Mereka menemukan ada yang sudah merambah kawasan konservasi. “Yang kami temukan ada yang sudah menandai pohon dalam kawasan taman nasional menggunakan cat. Pohon yang ditandai mungkin jadi penanda nanti dijual ke perusahaan tambang.” Pohon-pohon diberi tanda cat merah.
Kawasan ini memang dikelilingi beberapa izin tambang hingga khawatir menggerus keanekaragaman hayati di sini.
TNAL ditetapkan 18 Oktober 2004 itu berada di Halmahera Tengah, Kota Tidore Kepulauan dan Halmahera Timur dengan luas 163. 300 hektar. Kawasan ini terbagi jadi dua blok: Aketajawe (77.100 hektar) dan Lolobata (90.200 hektar).
Masri Anwar Santuli, dosen Universitas Muhammadiyah, Maluku Utara pernah riset soal ‘petani Halmahera Tengah merebut kembali tanahnya’ menemukan ada kapling lahan di hutan sejak 2012.

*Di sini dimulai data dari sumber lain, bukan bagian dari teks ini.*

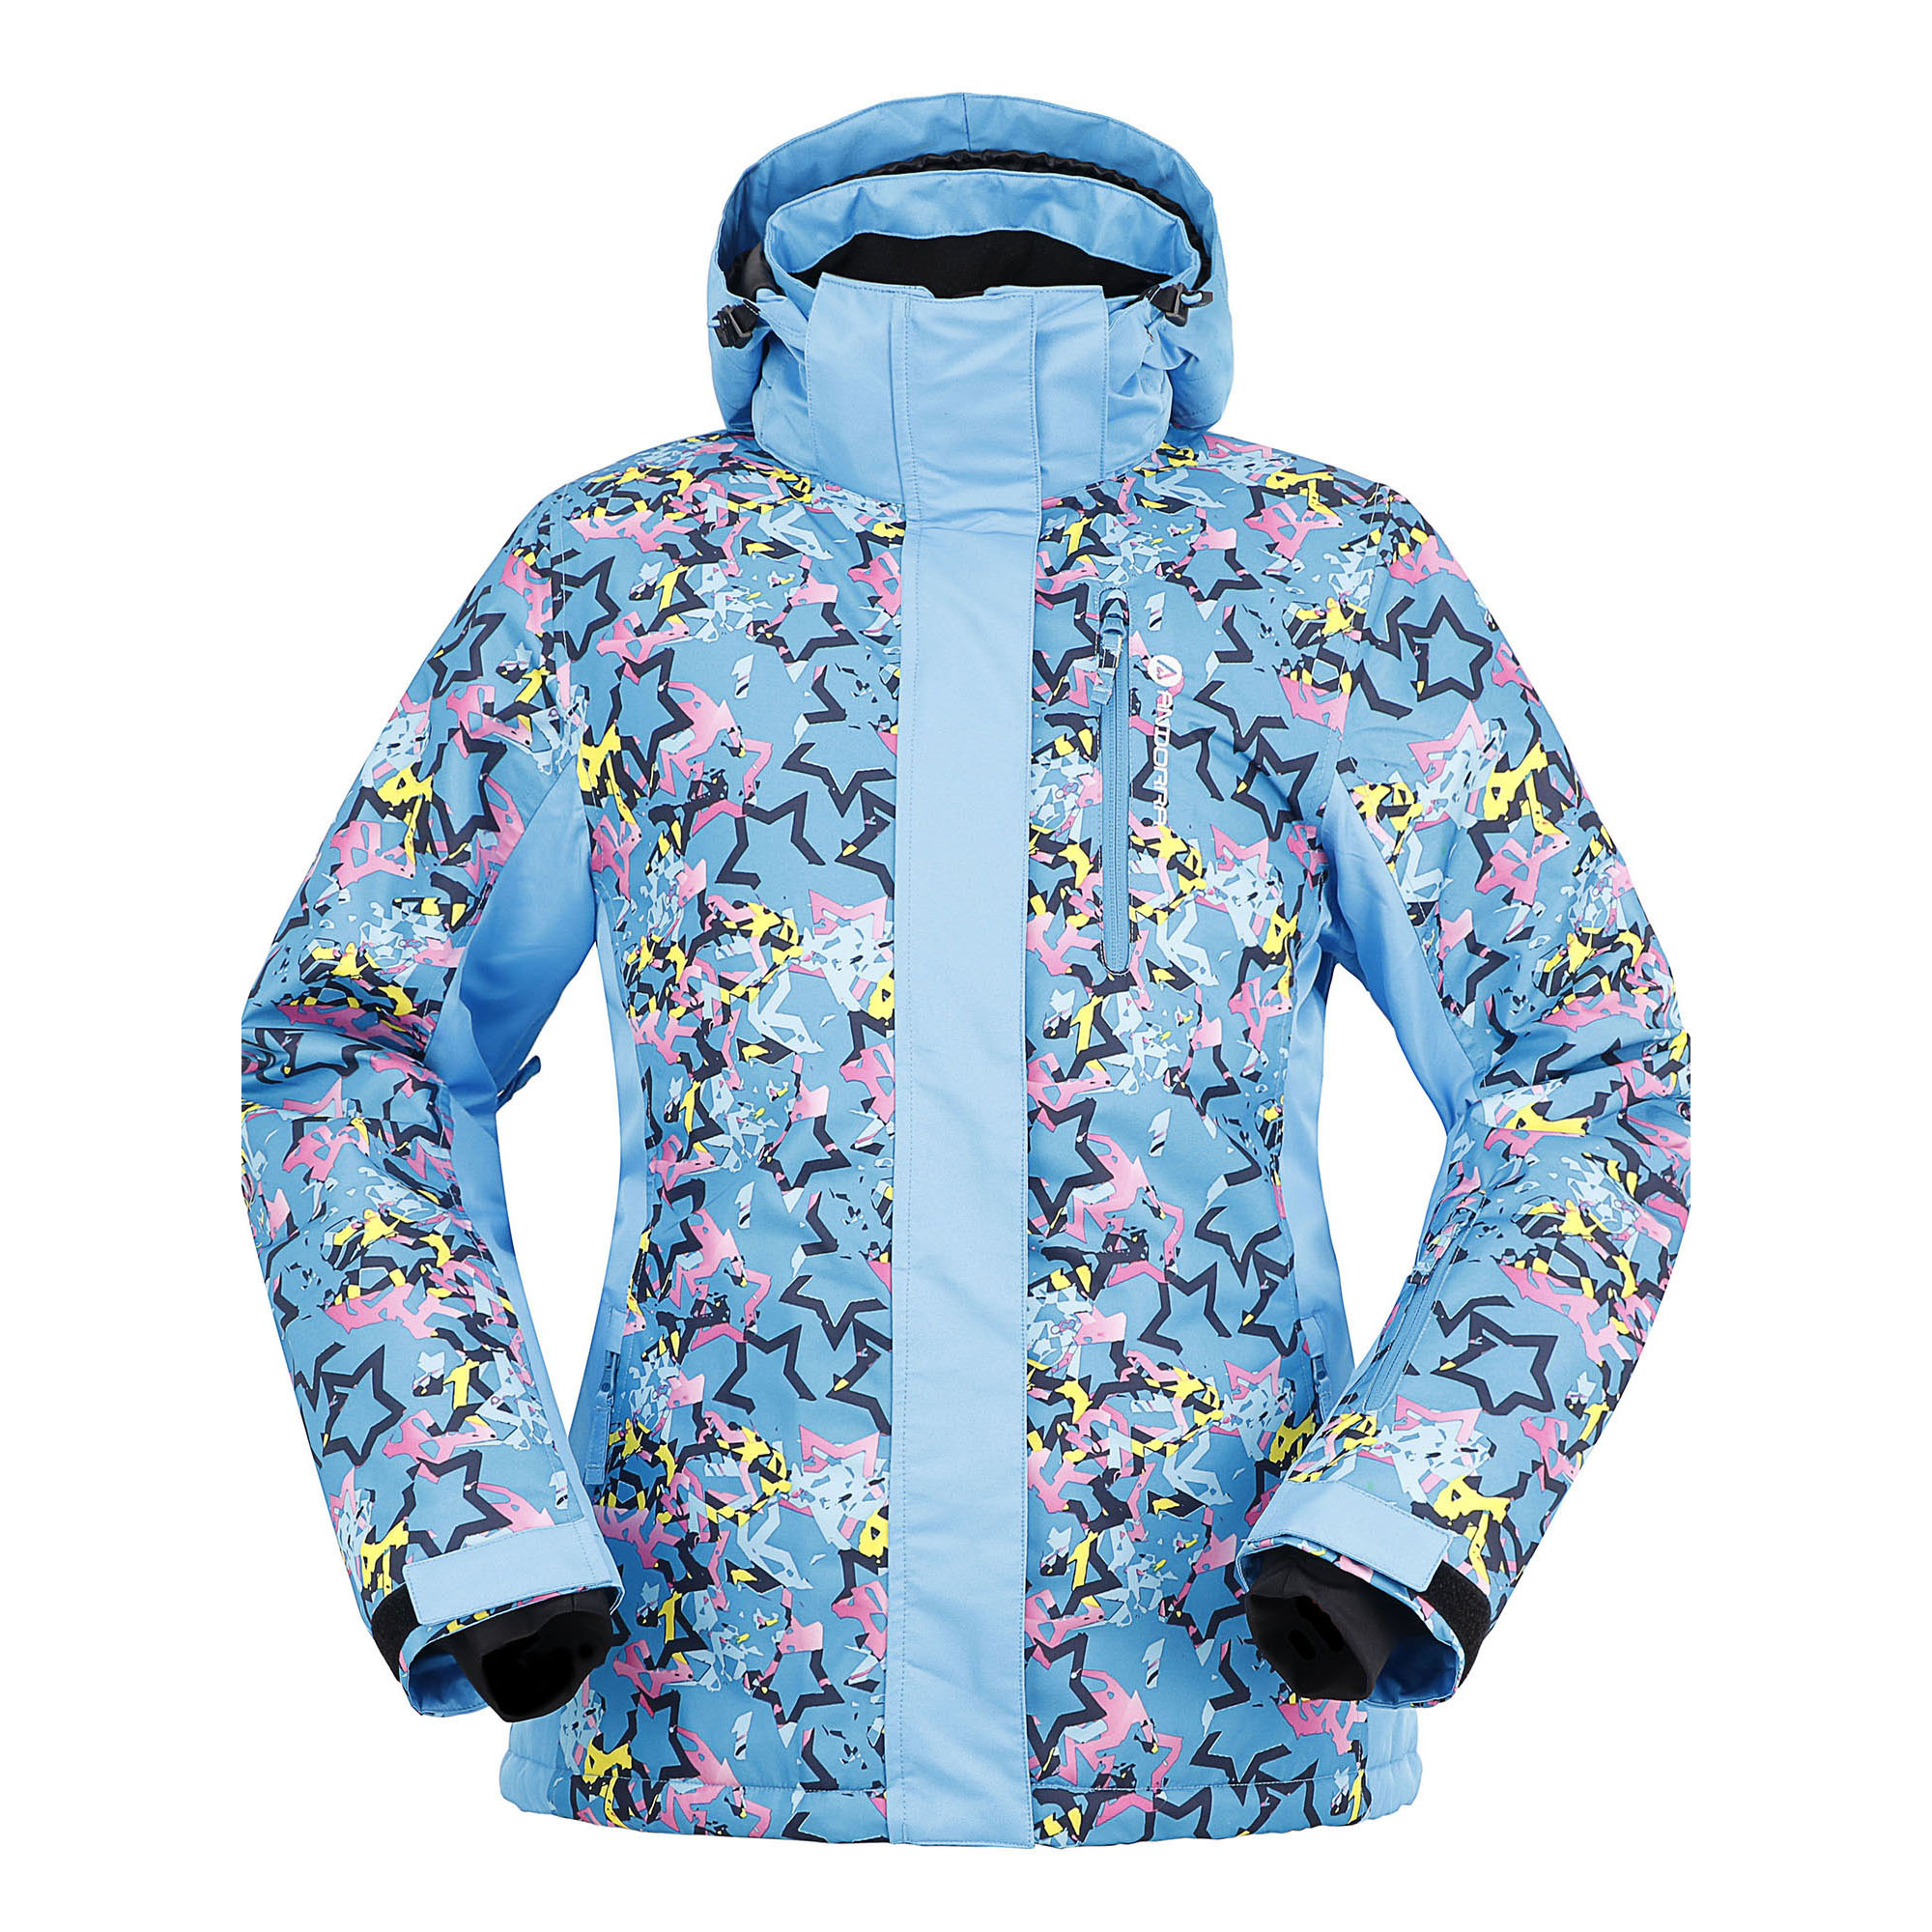 Simplicity Women's Winter Ski Jacket with Zip-Off Hood,Retro Blue Starbursts,M - image 1 of 4

Dia bilang, praktik kapling lahan ini biasa secara berkelompok. Ada 10, 15 atau 20 orang. Mereka ke hutan beberapa hari, kemudian mengkapling hutan belantara antara 10-15 hektar. Pohon ditandai dengan cat.

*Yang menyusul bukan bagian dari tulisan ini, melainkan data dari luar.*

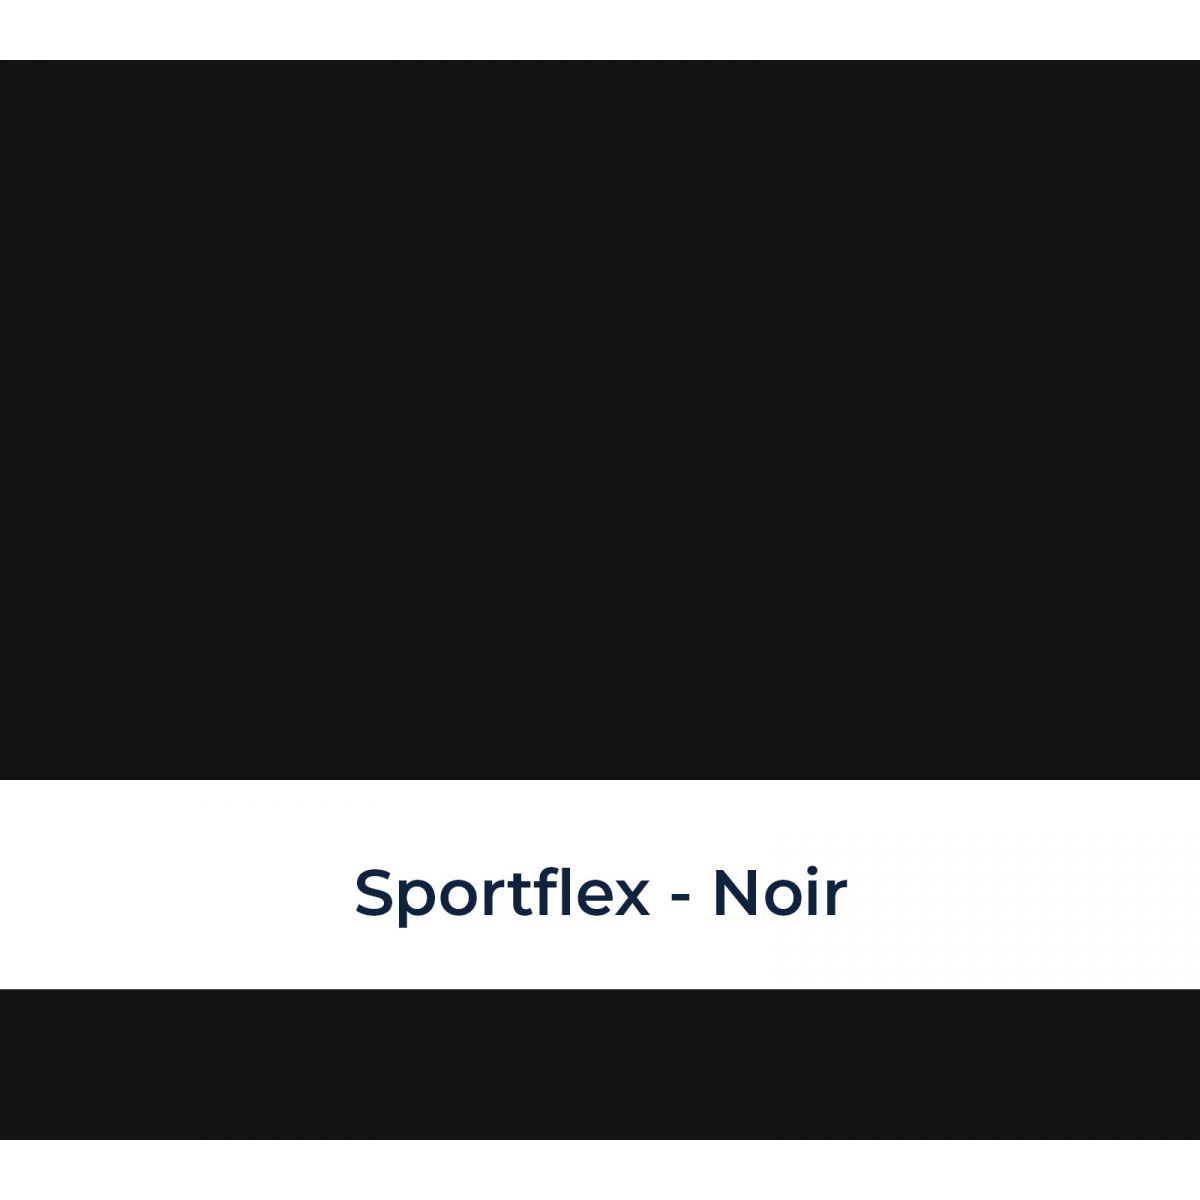 Sportflex noir

“Ini rahasia umum, sudah terjadi di depan mata. Bahkan, di Desa Wale, hutan mangrove juga dikapling,” katanya.
Praktik ini terjadi di sebagian kampung di sekitar perusahaan tambang. Lahan, bukan buat kebun dan menanam tanaman pangan tetapi mau jual ke perusahaan tambang. Harga kaplingan ada yang Rp9.000 per meter.
T Heri Wibowo, Kepala Balai Taman Nasional Ake Tajawe Lolobata (Ake Tajawe) T keluhkan hal serupa. Dia sampaikan ada beberapa izin tambang mengelilingi kawasan taman nasional.
Dugaan kuat ada pihak yang memanfaatkan keadaan dan masuk dalam taman nasional untuk menandai pohon. Dia khawatir lahan-lahan yang ditandai itu dijual ke perusahaan tambang.
Masyarakat, katanya, tak memahami dan tak tahu persis mereka masuk taman nasional atau bukan.
Karena itu, katanya, taman nasional hanya memberikan imbauan agar tak masuk taman nasional. Kalau masyarakat mengerti meskipun pohon dan batas kawasan itu dibuat tanda kapling, lahan itu tidak bisa dijual karena taman nasional. “Untuk mengubah fungsi pengelolaan itu tidak mudah,” katanya .
Soal itu, katanya, Ake Tajawe pernah duduk bersama PT Indonesia Weda Bay Industrial Park (IWIP) yang punya konsesi tambang nikel di Halmahera Tengah.
Dia bilang, perusahaan membeli lahan kaplingan warga yang tak masuk TNAL. Yang ada di hutan produksi konversi dan hutan produksi terbatas.
Meski begitu, katanya, kekhawatiran masuk kawasan konservasi sangat besar. Dia menyarankan, perusahaan memikirkan pemberdayaan warga karena kalau terus dijual akan habis.
Untuk itu, perlu memerangi praktik menjual lahan yang malah nanti menyengsarakan masyarakat. “Jual lahan hanya pakai kuitansi ini yang masyarakat tidak sadari.”
Salim Kamaluddin, Kepala Badan Perencanan Penelitian Pembangunan (Bappelitbang) Hateng di Weda Desember 2020, mengatakan, merujuk revisi RTRW Halteng 2012-2032 bahwa penentuan deliniasi kawasan industri Teluk Weda sesuai usulan daerah seluas 15.205 hektar.
Usulan ini berada di hutan produksi 11.596 hektar dan bersinggungan langsung dengan Ake Tajawe. Juga berbatasan langsung dengan kawasan perlindungan bawah atau hutan lindung. “Usulan deliniasi itu juga bersinggungan langsung dengan wilayah transmigrasi di Halmahera Tengah,” tulis dokumen revisi RTRW.
Wilayah transmigrasi merupakan daerah pertanian dan lumbung pangan di Halteng. Kini, wilayah itu terancam industri tambang kalau ada perluasan lokasi.